Es begann schon wieder einmal an einer Universität. Wer sich jetzt darüber wundert, dem sei beschieden, dass das gesamte Internet seinen Ursprung im akademischen Wissens- und Gedankenaustausch hatte.

Altes Flipper Logo.Ein Team von Studenten hatte eine Suchmaschine entwickelt. Anfangs war die Maschine mit dem Namen Flipper eine unter vielen und teilte sich das suchende deutschsprachige Publikum mit einer Reihe anderer kleiner Suchdienste. Das Entwicklerteam an der TU Berlin KIT hatte der Konkurrenz aber ein paar pfiffige Detaillösungen voraus; wenn diese auch mangels Ressourcen der Universität nicht voll eingesetzt werden konnten.

Etwa zur gleichen Zeit reifte im Verlagshaus Gruner und Jahr die Idee eine eigene Suchmaschine anzubieten. Der anfängliche Gedanke einen Katalog ähnlich wie Yahoo aufzubauen, wurde schnell verworfen. Statt dessen suchte man einen Partner um eine Volltextsuchmaschine zu realisieren. Nach einer Reihe wenig zufriedenstellender Gespräche kam über den Projektleiter Dr. Detlev Kalb und seine guten Kontakte zur Universität Hamburg eine Verbindung zur Technischen Universität Berlin und damit zur Projektgruppe KIT zustande.

Der Brückenschlag von der Industrie zur Forschung war gelungen, eine der wenigen Kooperationen zwischen High-Tech Forschung und Industrie.

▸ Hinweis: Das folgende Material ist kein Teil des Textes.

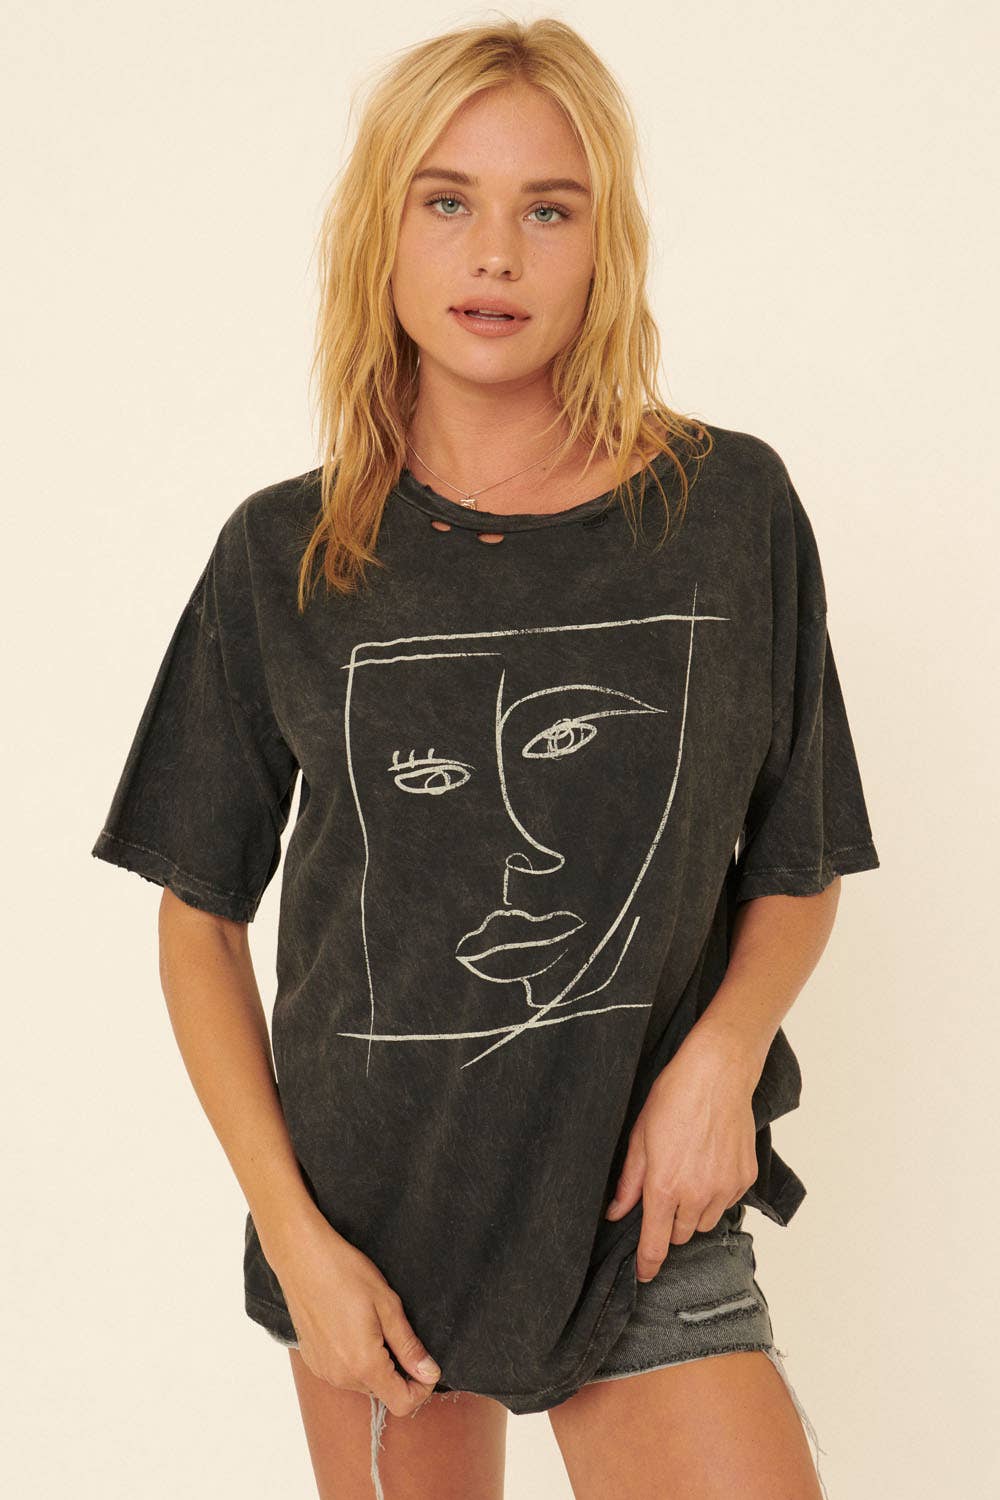 Mineral Washed Abstract Faces Graphic Tee

Die innovativen Technologien konnten weiterentwickelt und "unter Feldbedingungen" optimiert werden. So erhielt die entstandene Maschine Fireball einige Features, deren Entwicklung bereits bei Flipper begann:

Das Robotersystem besteht aus einer ganzen Reihe parallel arbeitender Crawler, die über eine zentrale Steuerung, die URL-Datenbank, alle miteinander in Kontakt stehen. Jeder Crawler meldet seine Ergebnisse und kann somit die anderen wechselseitig steuern. So erkennt das System beispielsweise, wenn eine Site erst vor kurzem besucht wurde, ob sie dabei indexiert wurde oder der Server außer Betrieb war. Auch die über die Sprache gefundenen Erkenntnisse können die Crawler einander mitteilen:

Flipper und auch der kommerzielle Nachfolger Fireball suchen nur in deutschsprachigen Dokumenten. Das tun zwar viele Maschinen, aber die meisten entscheiden recht simpel und roh, was denn nun deutsche Dokumente sind: Sie nehmen einfach die Domainendungen der deutschsprachigen Länder Deutschland, Österreich und Schweiz. (.d, .at, .ch). Bei dieser Methode fallen nicht nur alle Dokumente auf den weit verbreiteten .com-Domains unter den Tisch; es geraten auch anderssprachige Dokumente in den Index, etwa englischsprachige Dissertationen auf deutschen Universitätsrechnern.

Etwas ausgefeiltere Systeme benutzen ein Wörterbuch um anhand einzelner Worte die Sprache zu bestimmen. Fireball geht da noch differenzierter vor: Ngramme (engl.: ngrams) sind silbenähnliche Buchstabenfolgen, die für jede Sprache typisch sind. Anhand dieser Ngramme wird eine Wahrscheinlichkeit errechnet, nach der die Dokumente tatsächlich deutschsprachig sind.

Je nach Ergebnis wird das weitere Vorgehen festgelegt:

  • Ist das Dokument eindeutig fremdsprachlich, wird es nicht indexiert und auch die Links nicht verfolgt.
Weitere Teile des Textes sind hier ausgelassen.